At the heart of the problem is an outdated belief that influence can be controlled by banning a narrow set of activities while allowing larger and more pervasive forms of persuasion to continue unhindered. Opinion polls are restricted on the argument that they may shape voter behaviour. That concern is not entirely frivolous. Polls can create momentum, alter perceptions of viability and encourage tactical voting. Yet the Commission’s position becomes difficult to sustain when placed beside its tolerance for relentless public campaigning by incumbents who command massive visibility, state-like logistical reach and round-the-clock media attention. If the fear is that voters may be swayed, then it is hard to argue that a poll shown on a screen is inherently more potent than a prime minister or chief minister flying from rally to rally, dominating headlines and saturating broadcast and digital platforms with appeals for support.
This is where the Commission’s framework starts to look less like principled regulation and more like selective control. It treats influence as though it exists in discrete, measurable packets, some of which can be banned and others of which are too embedded in political practice to confront. But the modern campaign does not function in compartments. It is an ecosystem. Speeches, advertising, interviews, roadshows, digital clips, newspaper spreads, slogans, visual symbols and repeated television coverage all feed into the same machinery of persuasion. To isolate opinion polling as a uniquely dangerous instrument while treating high-voltage campaigning as a normal democratic exercise is to ignore how power actually circulates in the present age.

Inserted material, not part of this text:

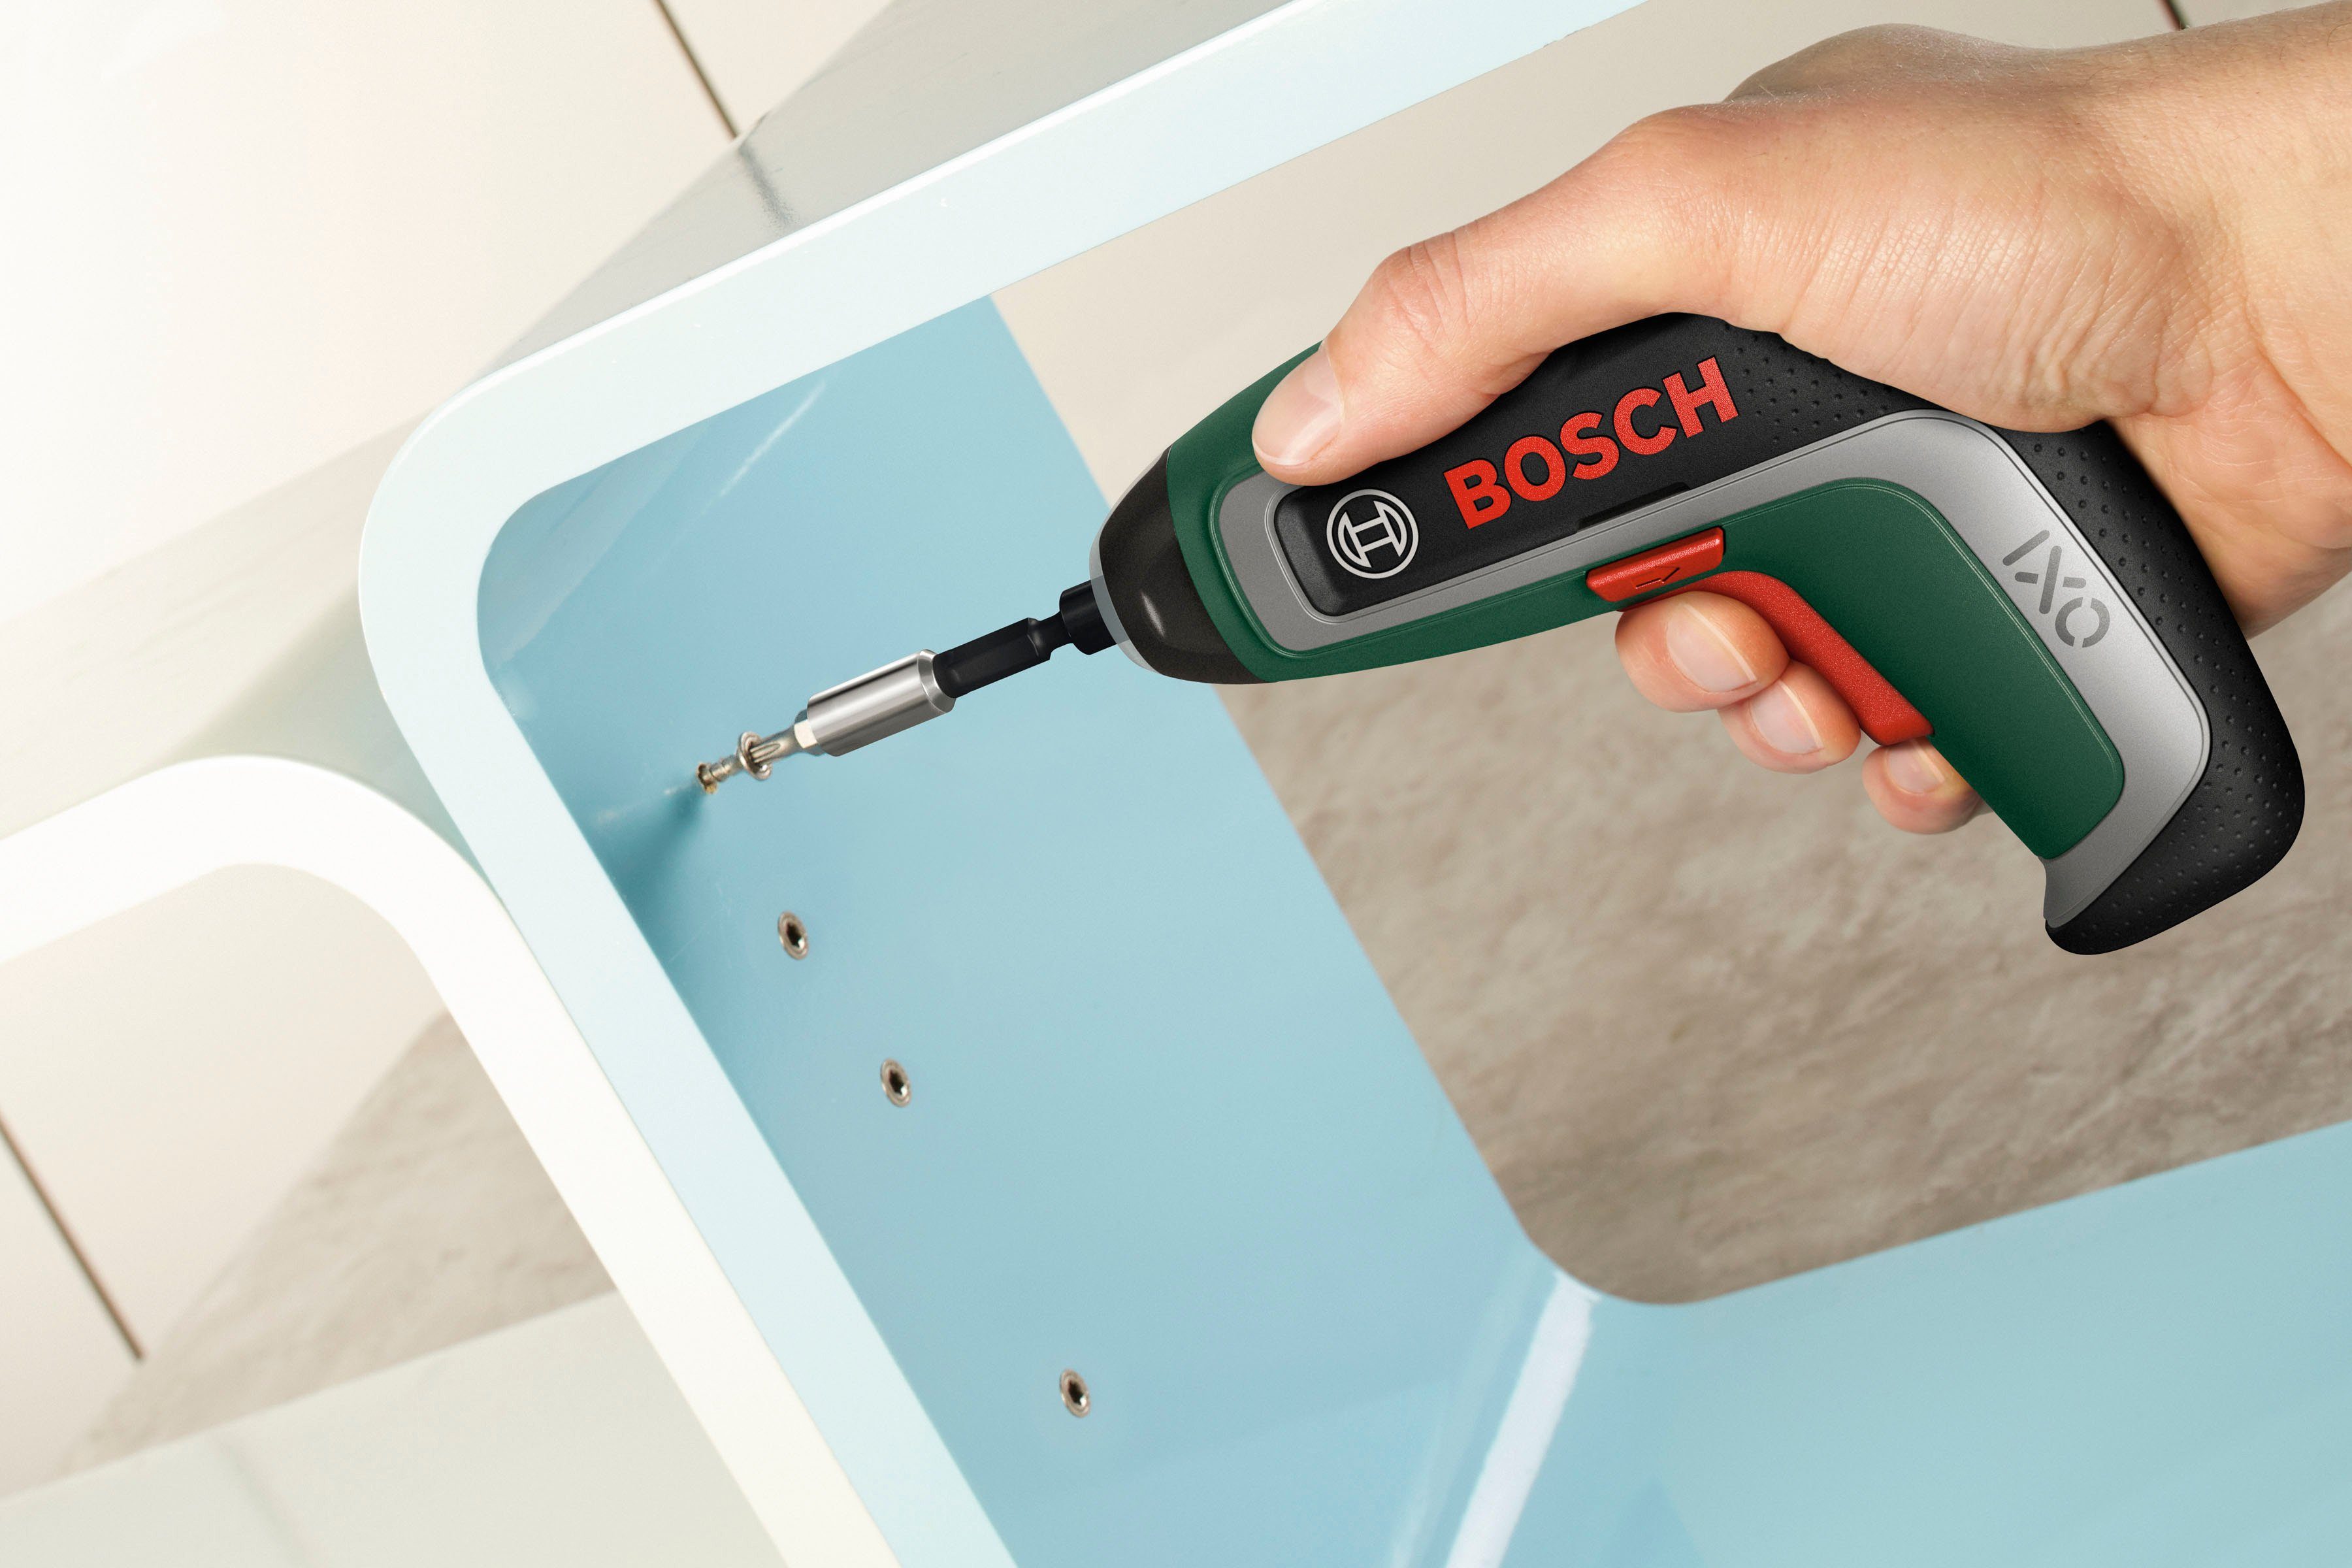 Bosch Home 5,5 10 und mit Bit-Halter IXO Akku-Schrauber Standard-Schrauberbits, Aufbewahrungsbox 7, Nm, Garden &
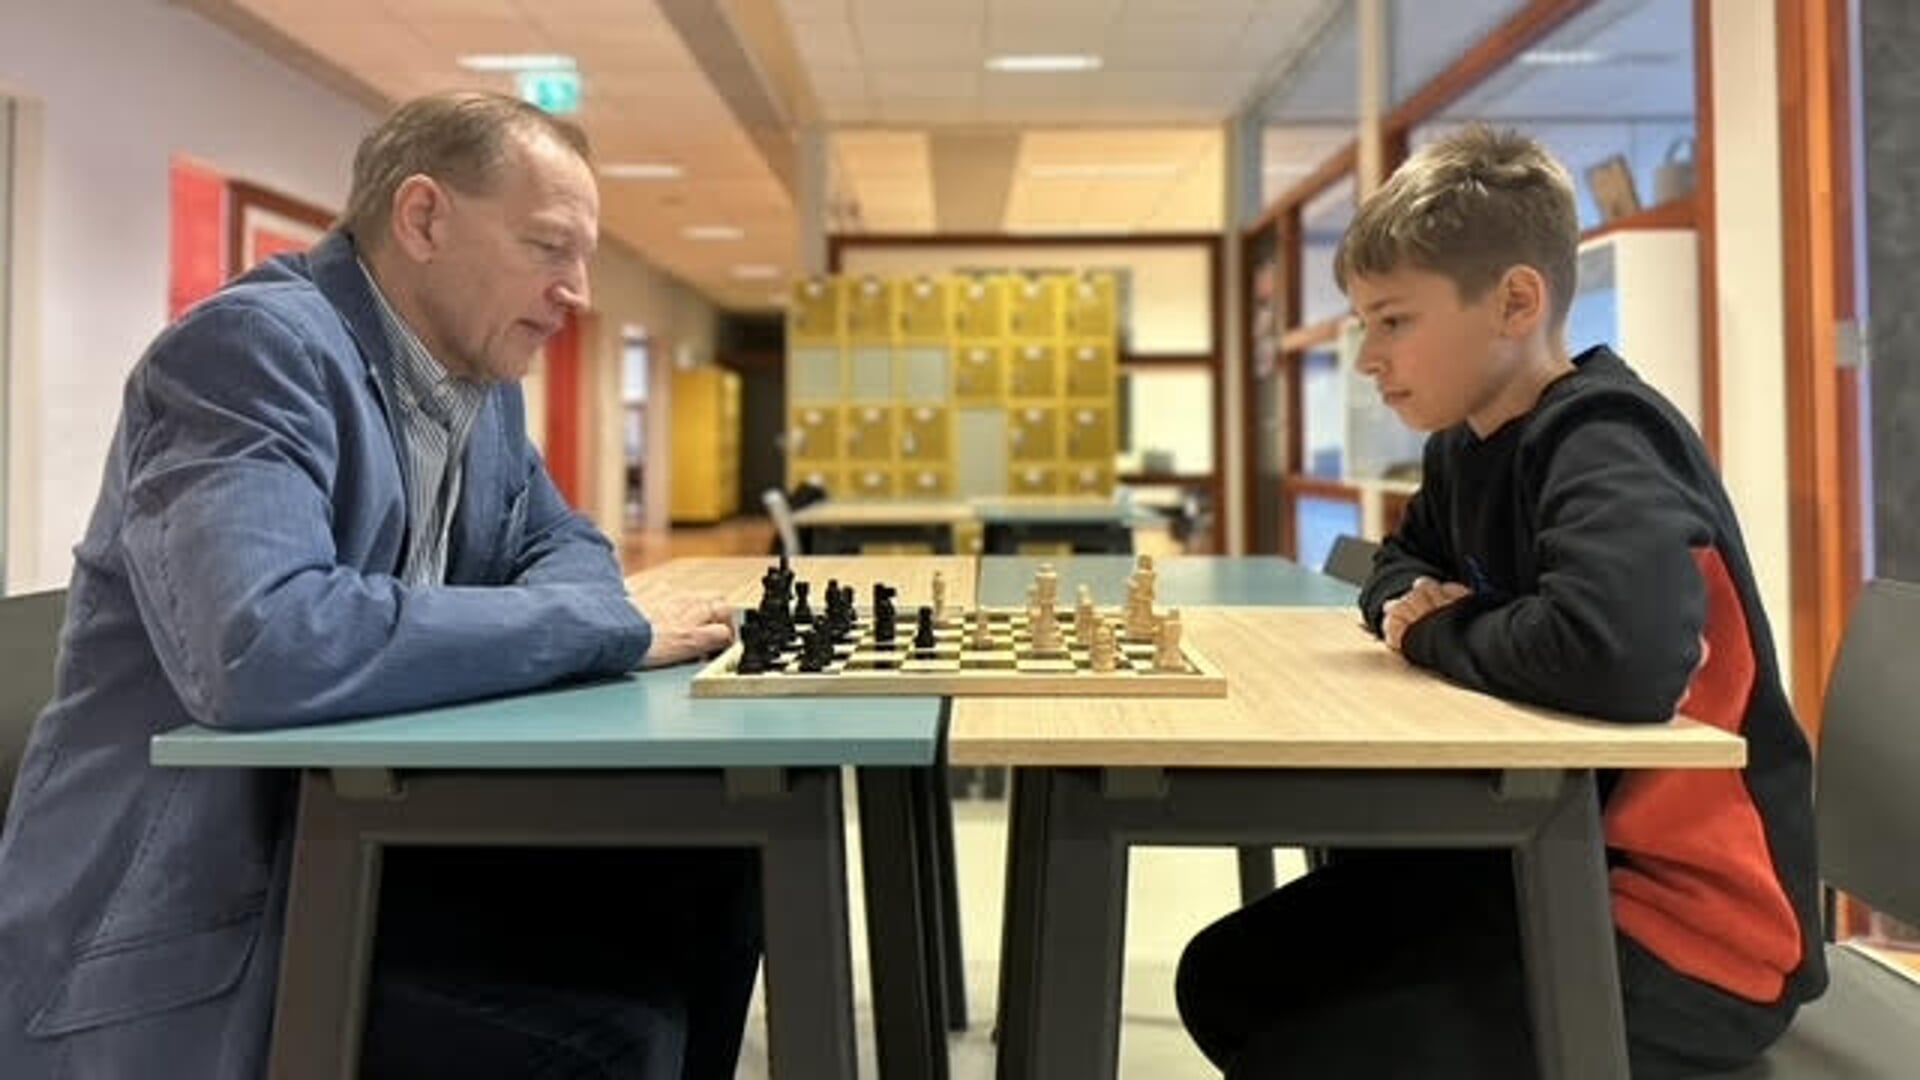 Patric Ciulei (l) schaakjeugdkampioen van Roemenië, speelt tegen zijn docent Marco de Bruijn (r).

The contradiction becomes even sharper in staggered elections. India no longer votes in a single, insulated event. It votes in phases, across geographies, with different states and constituencies often operating under different campaign rules at the same time. This has made the old idea of a localised “silent period” increasingly porous. A constituency may technically enter a cooling-off phase, but voters there are not sealed off from the rest of the country. They are watching national television, scrolling through social
media, reading newspapers, receiving forwarded videos and consuming a political spectacle that does
not recognise state boundaries. If campaigning continues at full volume in another state, and that campaign is televised nationally, then the premise of silence becomes performative rather than real.
That is the central absurdity. The law or code may declare that canvassing must stop in one region to give voters time for reflection, but the voter remains plugged into a national information stream where speeches, accusations, promises and political theatre continue unabated. The distinction between direct
and indirect campaigning has collapsed in practice. A rally held hundreds of kilometres away can reach a voter instantly through live feeds, clips and commentary. A leader’s speech delivered for one state can influence audiences in many others. The Commission’s rules appear to assume a world in which messages travel slowly, audiences are territorially contained and campaign exposure can be meaningfully switched off by administrative order. That world no longer exists.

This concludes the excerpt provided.